Stressed out: How do you “turn off” the battle between science and religion?

Yes, well, I was trying to avoid confronting the underlying issue of faith and science as it was not the prime concern. This thread is more about finding a home and sanctuary from extremists than defining the place of evolution in faith. There is enough of that elsewhere.
Christianity is very good at being dogmatic over which ever flavour of Christianity is being followed. The point here is to find a place to fit in with rather than be forced to conform to something that makes them uncomfortable. Switching from one dogma to another will not accomplish this.

Richard

It’s tough though when it is more or less coming from the pulpit and is a constant drumbeat. I would never be able to stay in a church that insisted on teaching “tithing” or the imminent pre-tribulation rapture nonsense.

Not to say that these sorts of churches don’t have their uses. But it’s definitely possible to outgrow them and move on in your own journey as the Spirit leads you.

1 Like

Sure.

I was just pointing out that luckily for Christians being born 60 years from now, evolution probably won’t be that big of an issue if it’s even an issue at all. I’m sure new things will arise, but I think science will be less of an issue than philosophical outlooks in the future. Or social practices. It will be more about different outlooks on life and less so about accepting basic science.

2 Likes

The church I go to has almost completely different views than me.

About 10% accepts evolution.
About 10% adheres to conditional immortality.
About 40% are preterist.
About 1% affirms the LGB community.
About 10% believes that fictional stories played a major role in the bigke.
About 5% believes that the Bible is not inerrant.
About 20% hold to liberal and progressive views.
About 30% thinks that horror films and celebrating Halloween is ok and not satanic.

But when it comes to how one is saved we are about 99% in agreement with each other. When it comes to cessationism it’s about 99%. When it comes to the belief that’s it’s ok to believe what I believe and it’s not an automatic one way trip to hell it’s about 95%.

1 Like

:slight_smile:

But do they believe that death and hades were thrown into the lake of fire?

@jbabraham88 You mentioned culture war. It’s often on my mind, too. While I was eating lunch I noticed the Culture Care newsletter in my email inbox. This won’t solve your problem, but maybe will be an encouragement. Makoto Fujimura is an artist, who is a Christian, and who has been thinking about, writing about and resisting culture war with his concept of culture care. I find much of his work restorative and reviving. You can find the most recent newsletter here, if you are interested. ANd you can find a great deal of admiration for him in Liam’s wonderful thread:

2 Likes

I love VOCES8’s sacred music, and I can tolerate Byrd and Tallis. :grin: ← that was facetious: I love both.

In my church there are three meme bees holding to three views.
Universalism.
Conditional Immortality.
Eternal Conscious Torment.

Some believe that hell is still a place that exists.
Some believes that hell has ceased.
Some believes he’ll never existed.

The only ones that believes that hades has been cast into the lake of fire already are preterist who believes it’s just symbolism.
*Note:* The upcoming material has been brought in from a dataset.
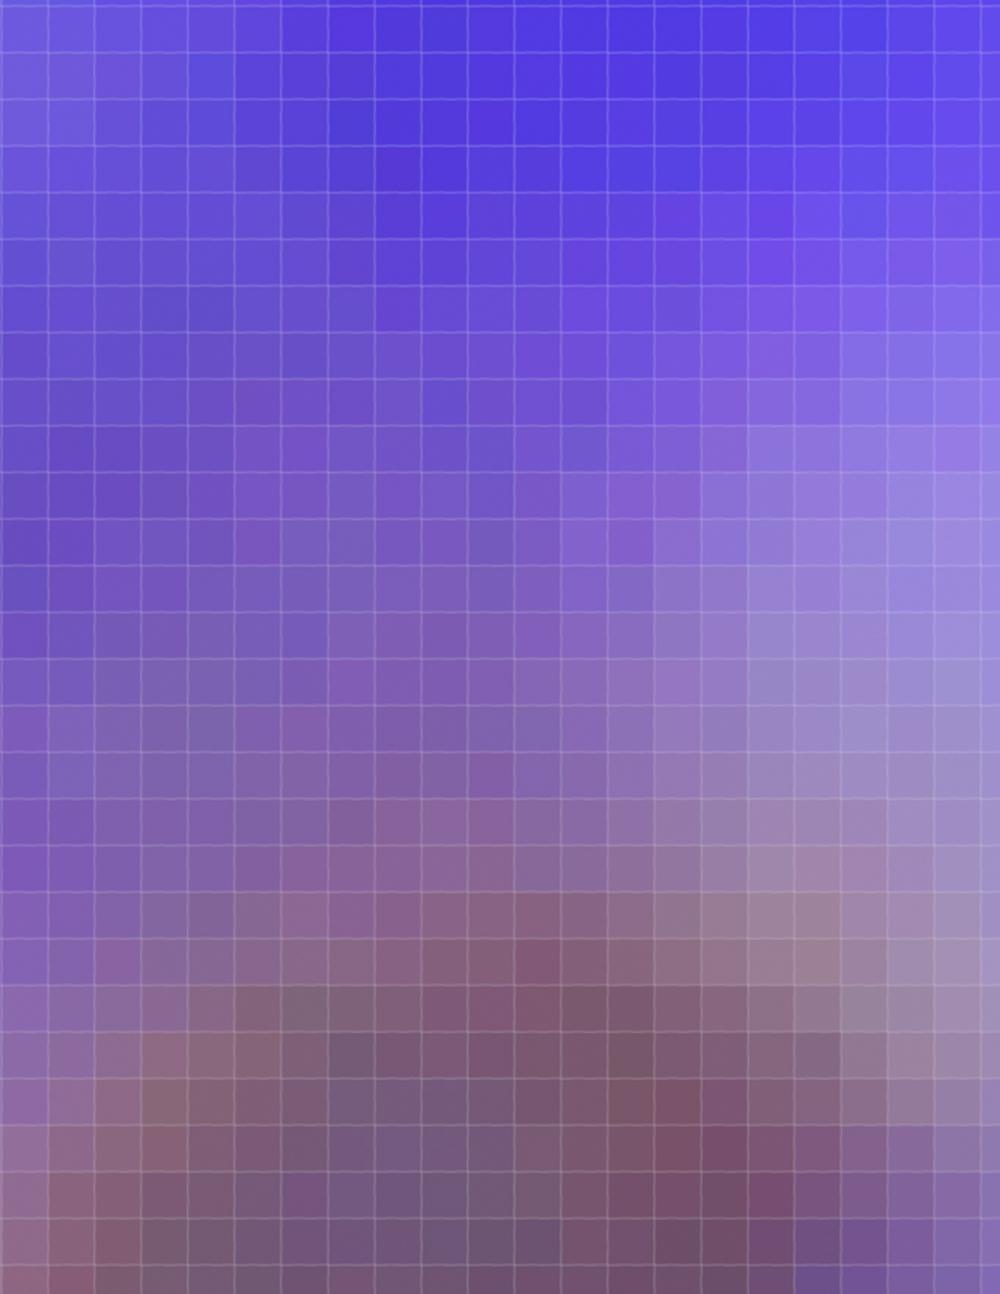 pixel7.jpg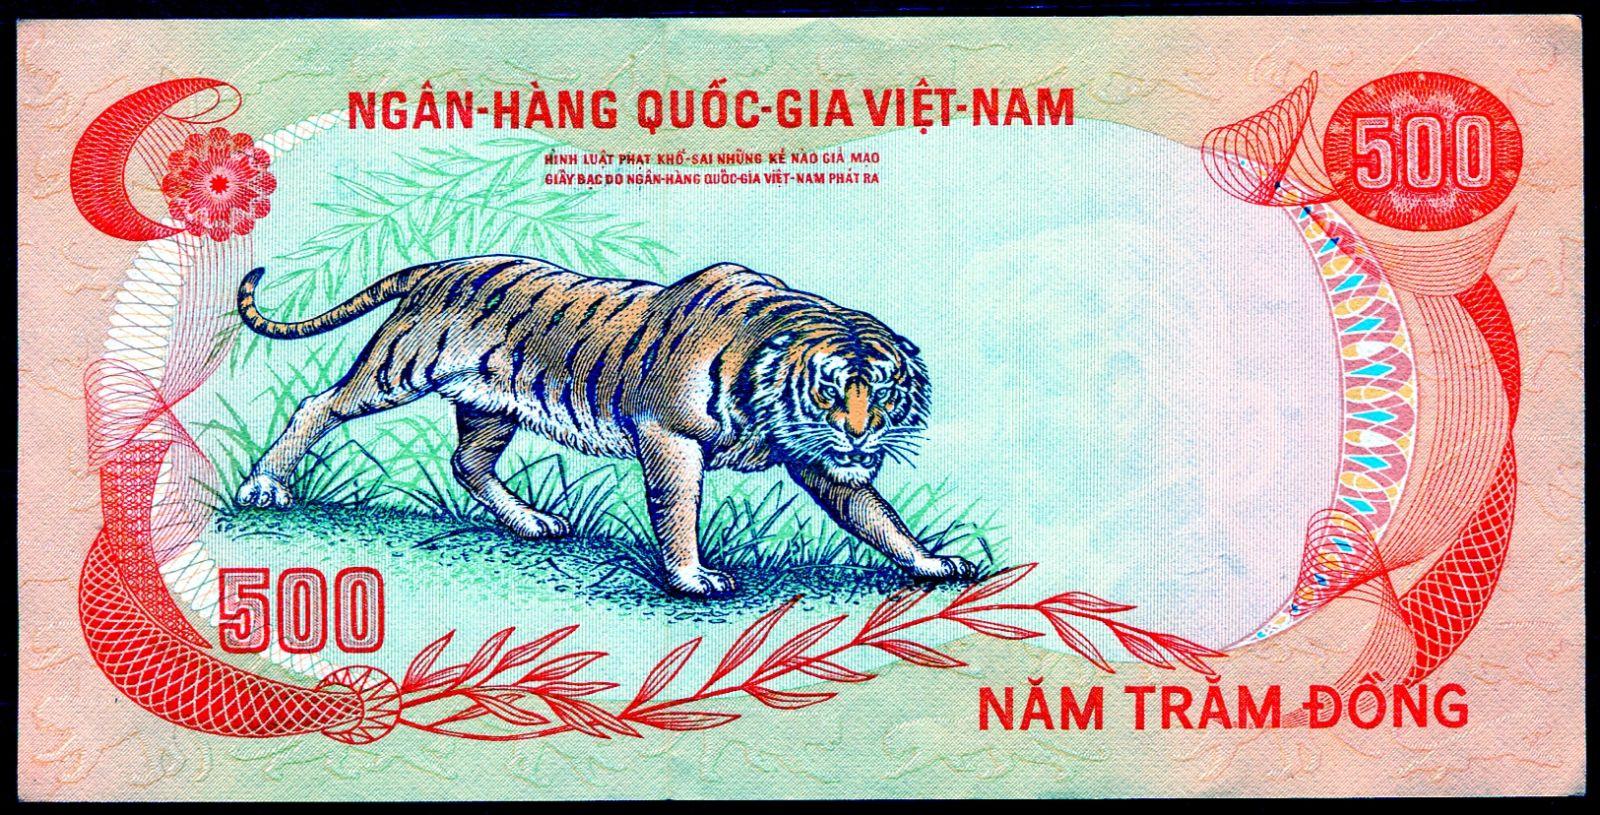 Jižní Vietnam (P 33) 500 Dong (1972) UNC

Pure symbolism.

I’m my church that’s just me and one other guy.

I don’t think anything in revelation is literal. I think it’s all symbolic. Some of the symbolism plays into the Roman Empire. Some of the symbolism plays into this revolving door of good and bad times.

I don’t think heaven or hell is a literal place. I think hell is the state of being dead and heaven is a state of belong alive. I have no idea if we are alive spiritually after we die physically. I also don’t care. It’s just not
Important to me. I don’t care if Jesus literally resurrected physically, or if he was given eternal life through the word which is always being proclaimed or if there was some sort of actual ghostly state that exists outside of this dimension.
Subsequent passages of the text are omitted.